HuggingFace Inference integration for Vision Agents

Project description

HuggingFace Plugin for Vision Agents

HuggingFace integration for Vision Agents. Supports cloud-based inference via HuggingFace's Inference Providers API and local on-device inference via Transformers.

Installation

# Cloud inference (HuggingFace Inference API)
uv add "vision-agents[huggingface]"

# or directly
uv add vision-agents-plugins-huggingface

# Local inference (Transformers - LLM, VLM, object detection)
uv add "vision-agents-plugins-huggingface[transformers]"

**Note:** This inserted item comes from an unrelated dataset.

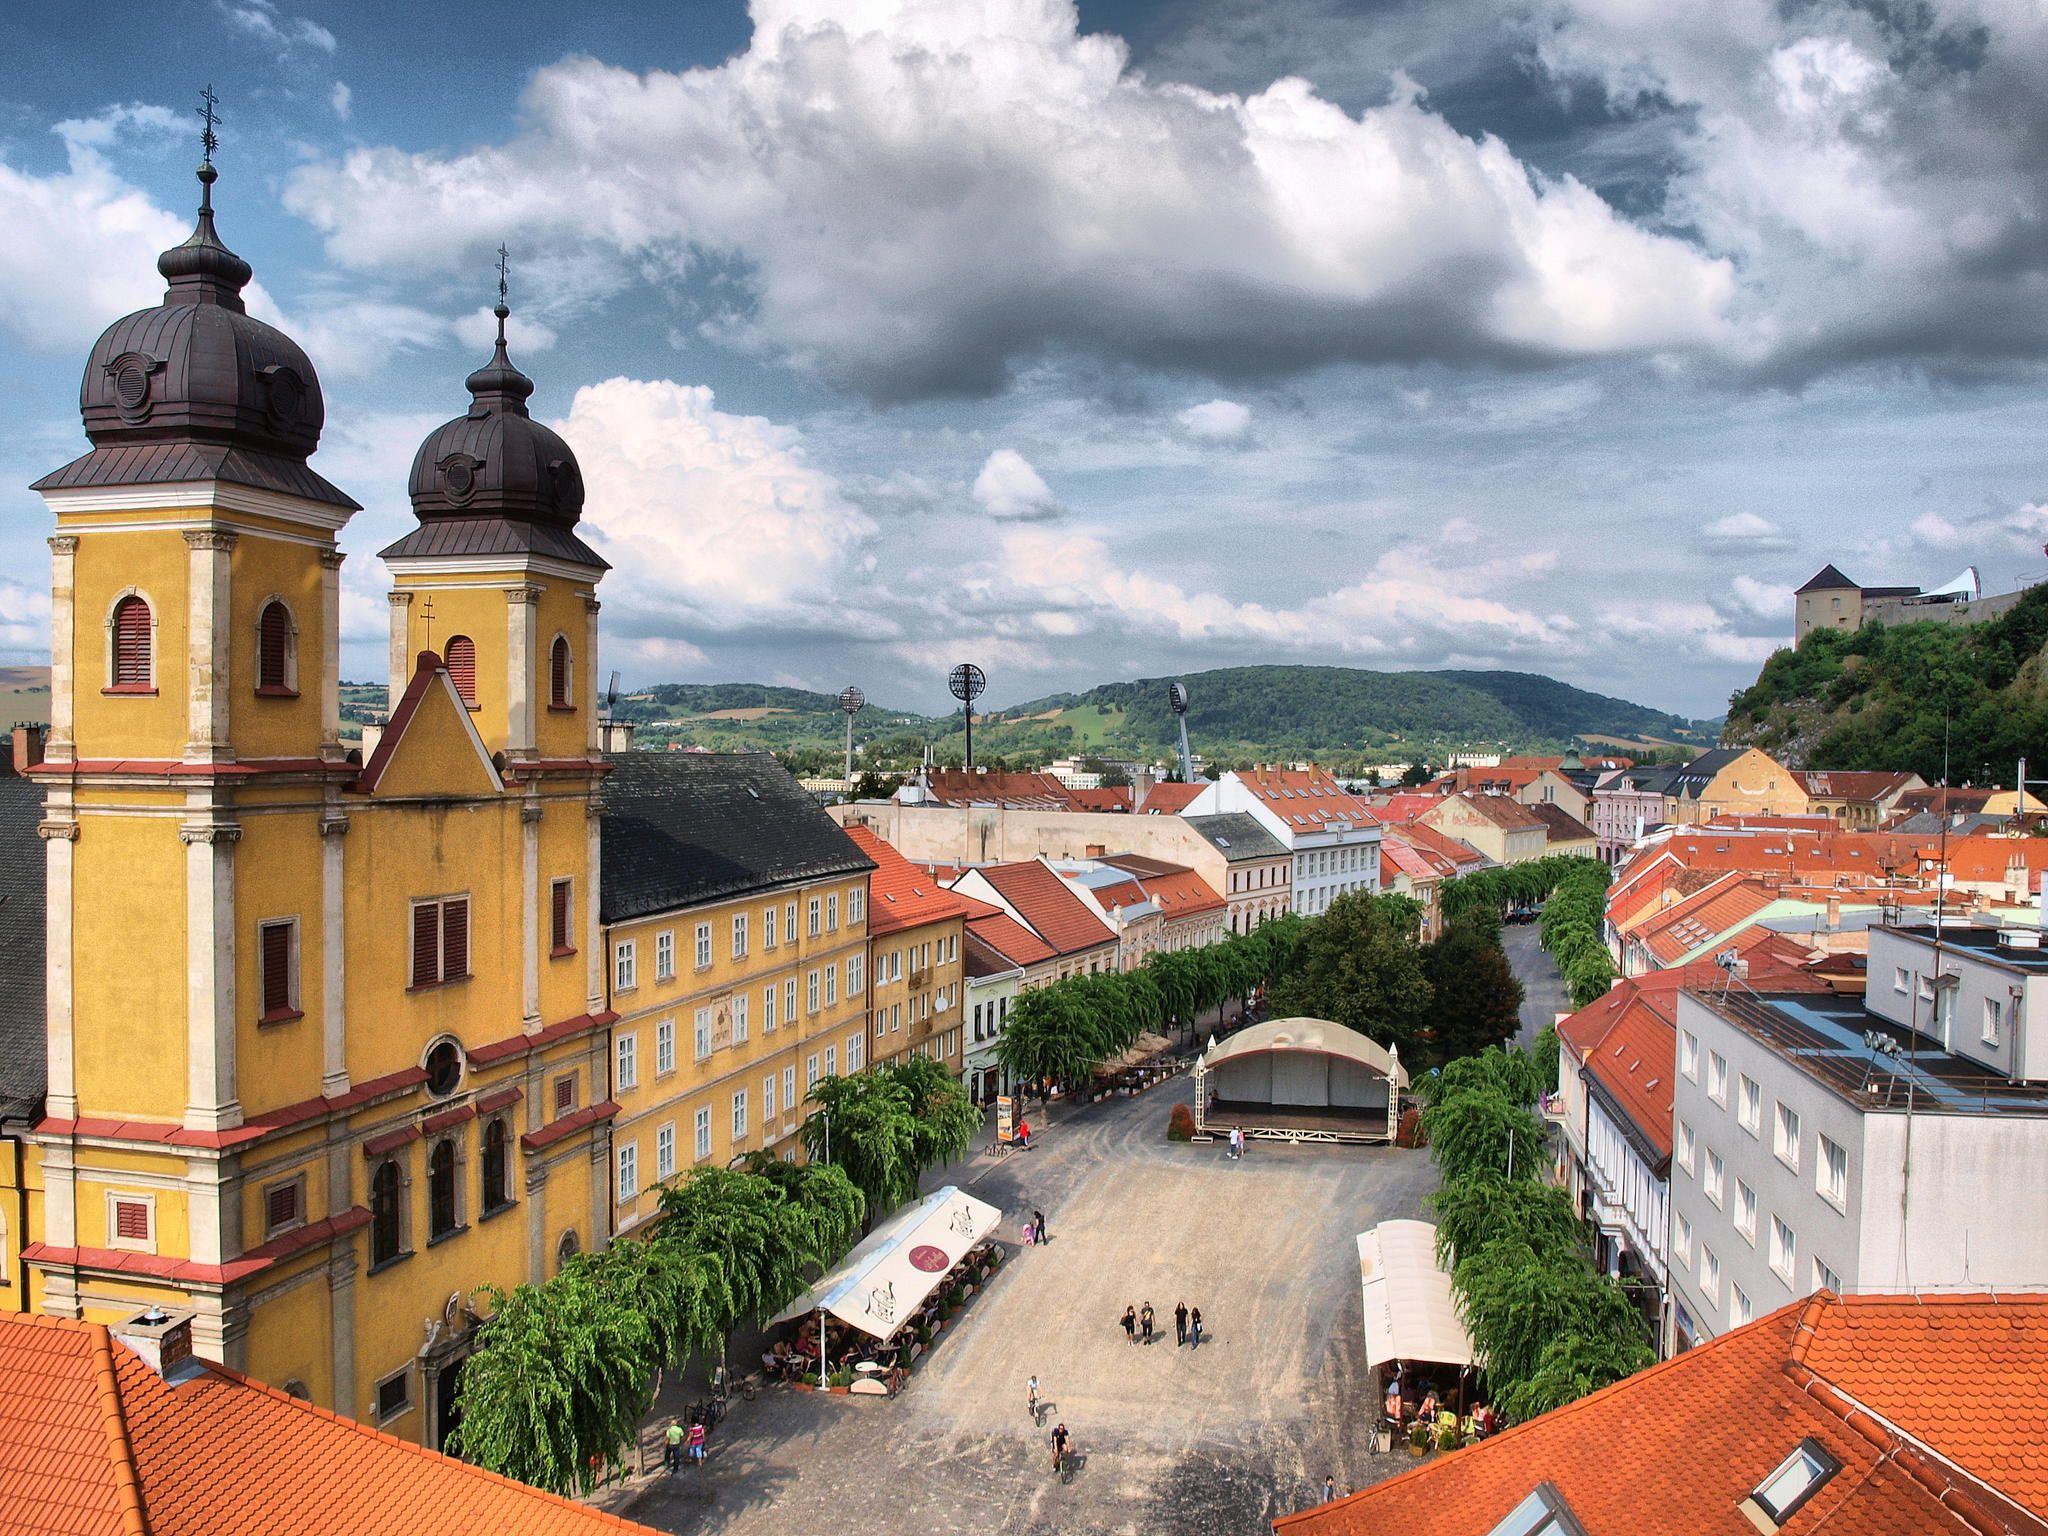 Main Square in Trencin by Kristýna Šprachtová on 500px

# Local inference with quantization (4-bit / 8-bit)
uv add "vision-agents-plugins-huggingface[transformers-quantized]"

Cloud Inference (API-based)

Configuration

export HF_TOKEN=your_huggingface_token

Text-only LLM

from vision_agents.plugins import huggingface

llm = huggingface.LLM(
    model="meta-llama/Meta-Llama-3-8B-Instruct",
    provider="together",  # or "groq", "cerebras", etc.
)

response = await llm.simple_response("Hello, how are you?")
print(response.text)

Vision Language Model (VLM)

from vision_agents.plugins import huggingface

vlm = huggingface.VLM(
    model="Qwen/Qwen2-VL-7B-Instruct",
    fps=1,
    frame_buffer_seconds=10,
)

response = await vlm.simple_response("What do you see?")
print(response.text)

Local Inference (Transformers)

Runs models directly on your hardware (GPU/CPU/MPS). Requires the [transformers] extra.

Local LLM

from vision_agents.plugins import huggingface

llm = huggingface.TransformersLLM(
    model="meta-llama/Llama-3.2-3B-Instruct",
)


@llm.register_function()
async def get_weather(city: str) -> str:
    """Get the current weather for a city."""
    return f"The weather in {city} is sunny."


response = await llm.simple_response("What's the weather in Paris?")

Supported Providers

With 4-bit quantization (~4x memory reduction)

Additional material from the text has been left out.